We can create a persistent gradient tape object to compute multiple gradients and manually release the resources.
with tf.GradientTape(persistent=True) as tape:
c = f(a, b)
pprint(tape.gradient(c, [a]))
pprint(tape.gradient(c, [b]))
del tape
[<tf.Tensor: shape=(1,), dtype=float32, numpy=array([8.], dtype=float32)>] [<tf.Tensor: shape=(1,), dtype=float32, numpy=array([3.], dtype=float32)>]
5. Linear Regression
With tensors, variables, operations and automatic differentiation, we can start building models.
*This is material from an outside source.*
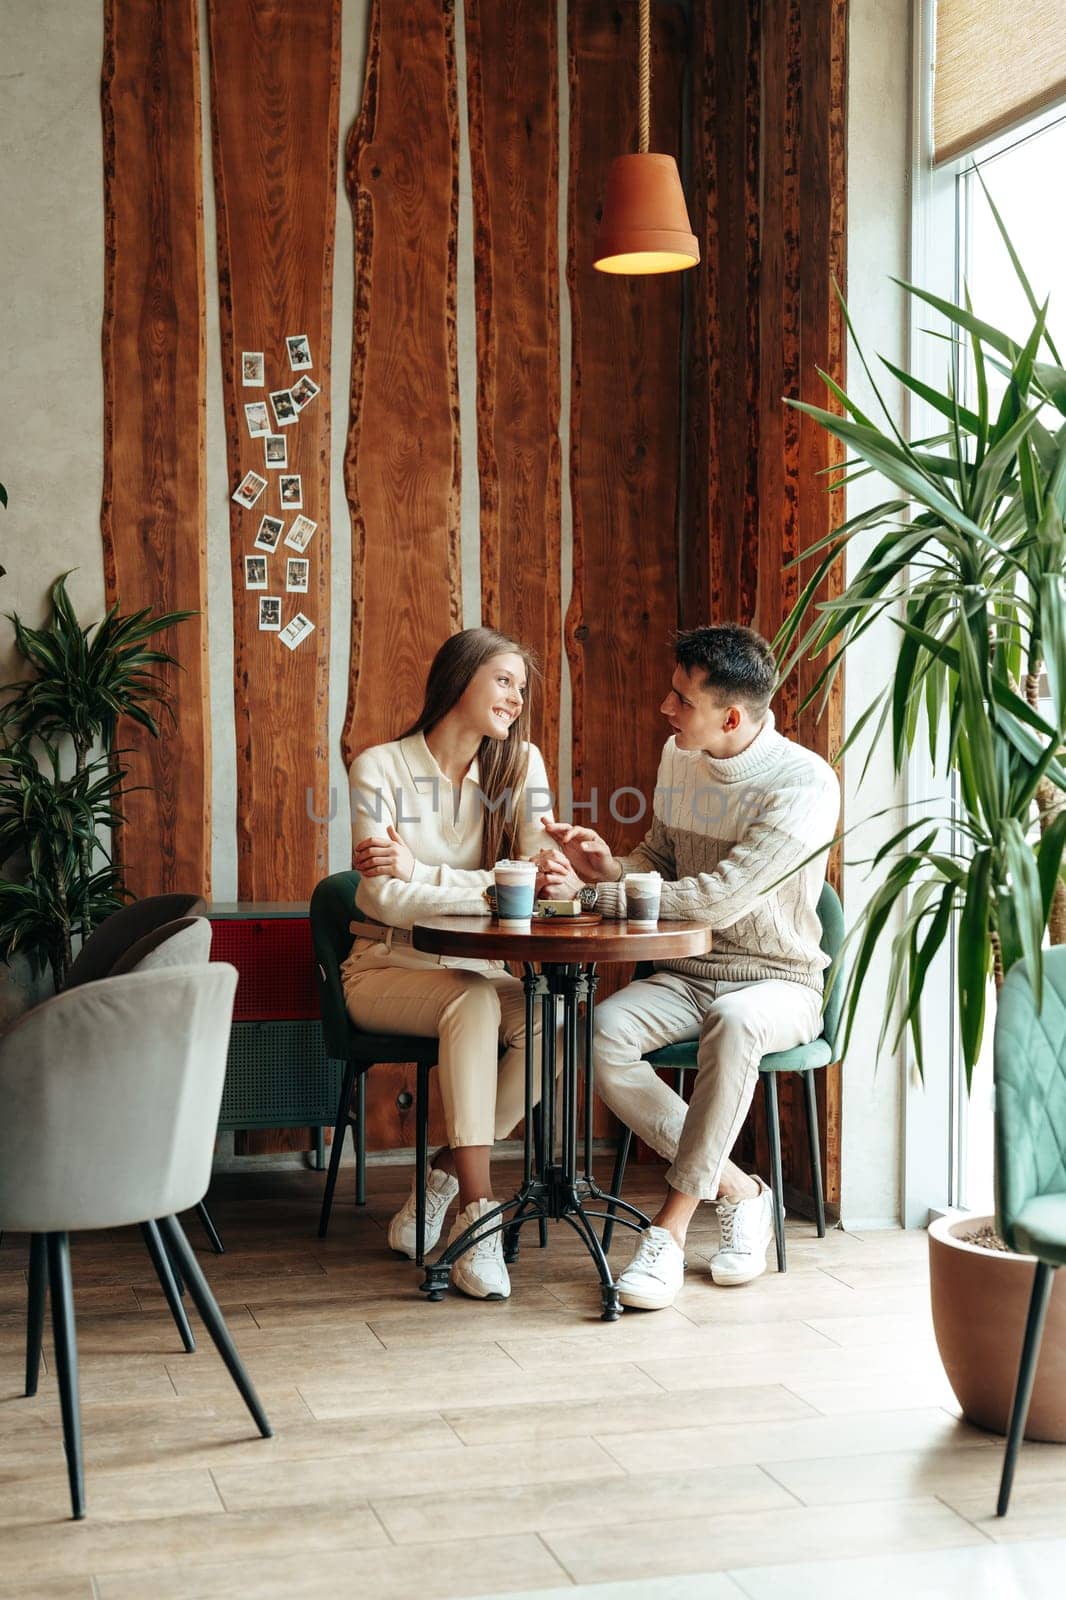 Young Couple Enjoying a Coffee Date at a Cozy Cafe During Afternoon Hours by Fabrikasimf

Let’s train a linear regression model with the gradient descent algorithm.
# ground truth
true_weights = tf.constant(list(range(5)), dtype=tf.float32)[:, tf.newaxis]
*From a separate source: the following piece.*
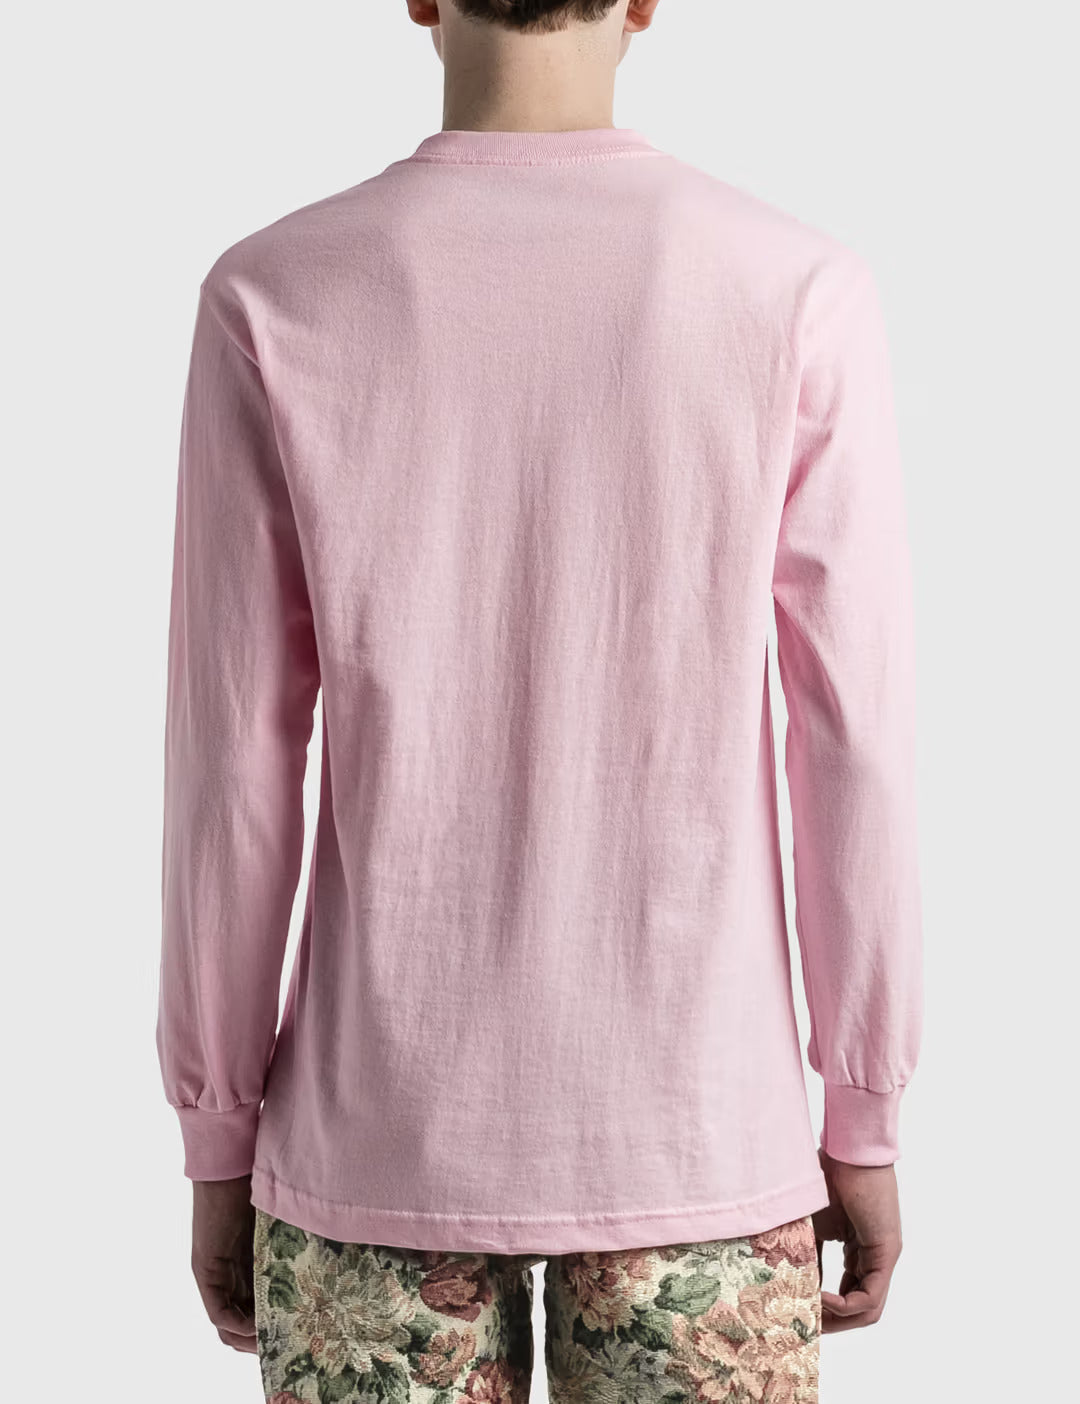 PLEASURES STRETCH LONG SLEEVE T-SHIRT - PINK

# some random training data
x = tf.constant(tf.random.uniform((32, 5)), dtype=tf.float32)
y = tf.constant(x @ true_weights, dtype=tf.float32)
# model parameters
weights = tf.Variable(tf.random.uniform((5, 1)), dtype=tf.float32)
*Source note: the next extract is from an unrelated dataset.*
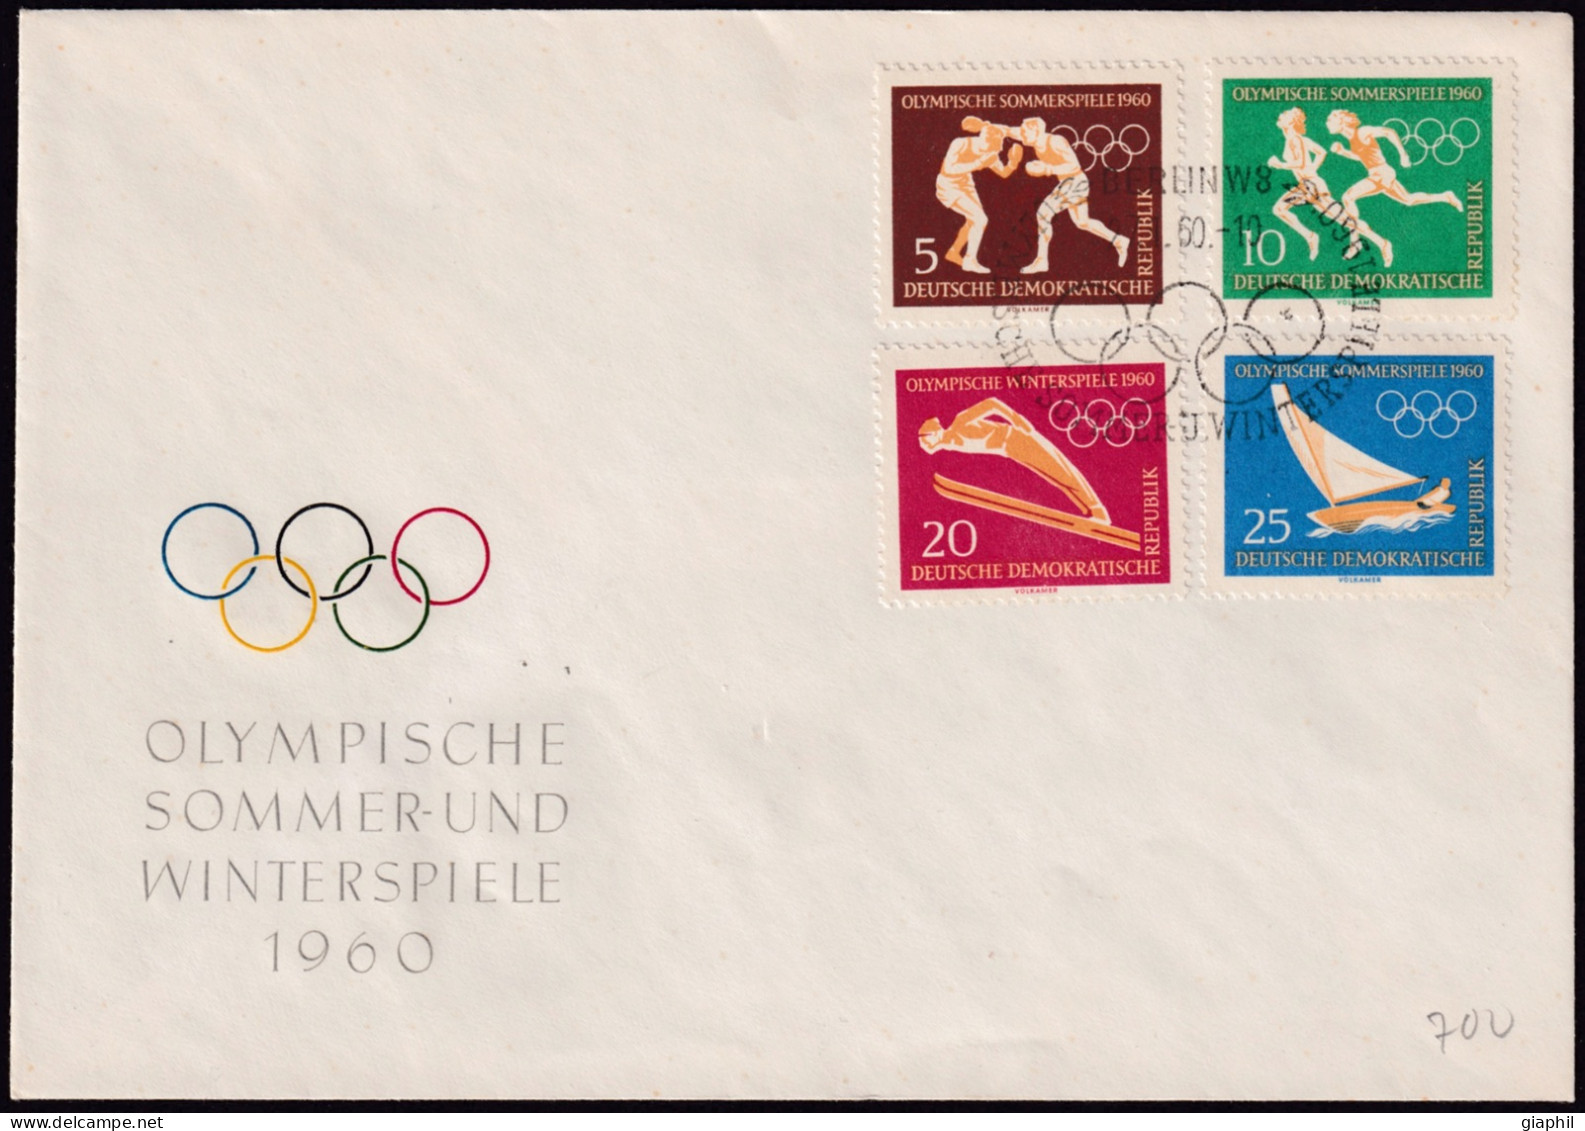 GERMANY EAST - DDR 1960 FDC ROME OLYMPIC GAMES (Mi. 746-749)  OFFER! - Estate 1960: Roma

for iteration in range(1001):
with tf.GradientTape() as tape:
y_hat = tf.linalg.matmul(x, weights)
loss = tf.reduce_mean(tf.square(y - y_hat))
if not (iteration % 100):
print('mean squared loss at iteration {:4d} is {:5.4f}'.format(iteration, loss))
gradients = tape.gradient(loss, weights)
weights.assign_add(-0.05 * gradients)
pprint(weights)
mean squared loss at iteration 0 is 15.1603 mean squared loss at iteration 100 is 0.2243 mean squared loss at iteration 200 is 0.0586 mean squared loss at iteration 300 is 0.0161 mean squared loss at iteration 400 is 0.0046 mean squared loss at iteration 500 is 0.0013 mean squared loss at iteration 600 is 0.0004 mean squared loss at iteration 700 is 0.0001 mean squared loss at iteration 800 is 0.0000 mean squared loss at iteration 900 is 0.0000 mean squared loss at iteration 1000 is 0.0000 <tf.Variable 'Variable:0' shape=(5, 1) dtype=float32, numpy= array([[3.1751457e-03], [1.0003914e+00], [2.0022070e+00], [2.9992850e+00], [3.9944589e+00]], dtype=float32)>
We will use this linear regression training example in the next few chapters and gradually replacing parts of it with higher-level Tensorflow API equivalents.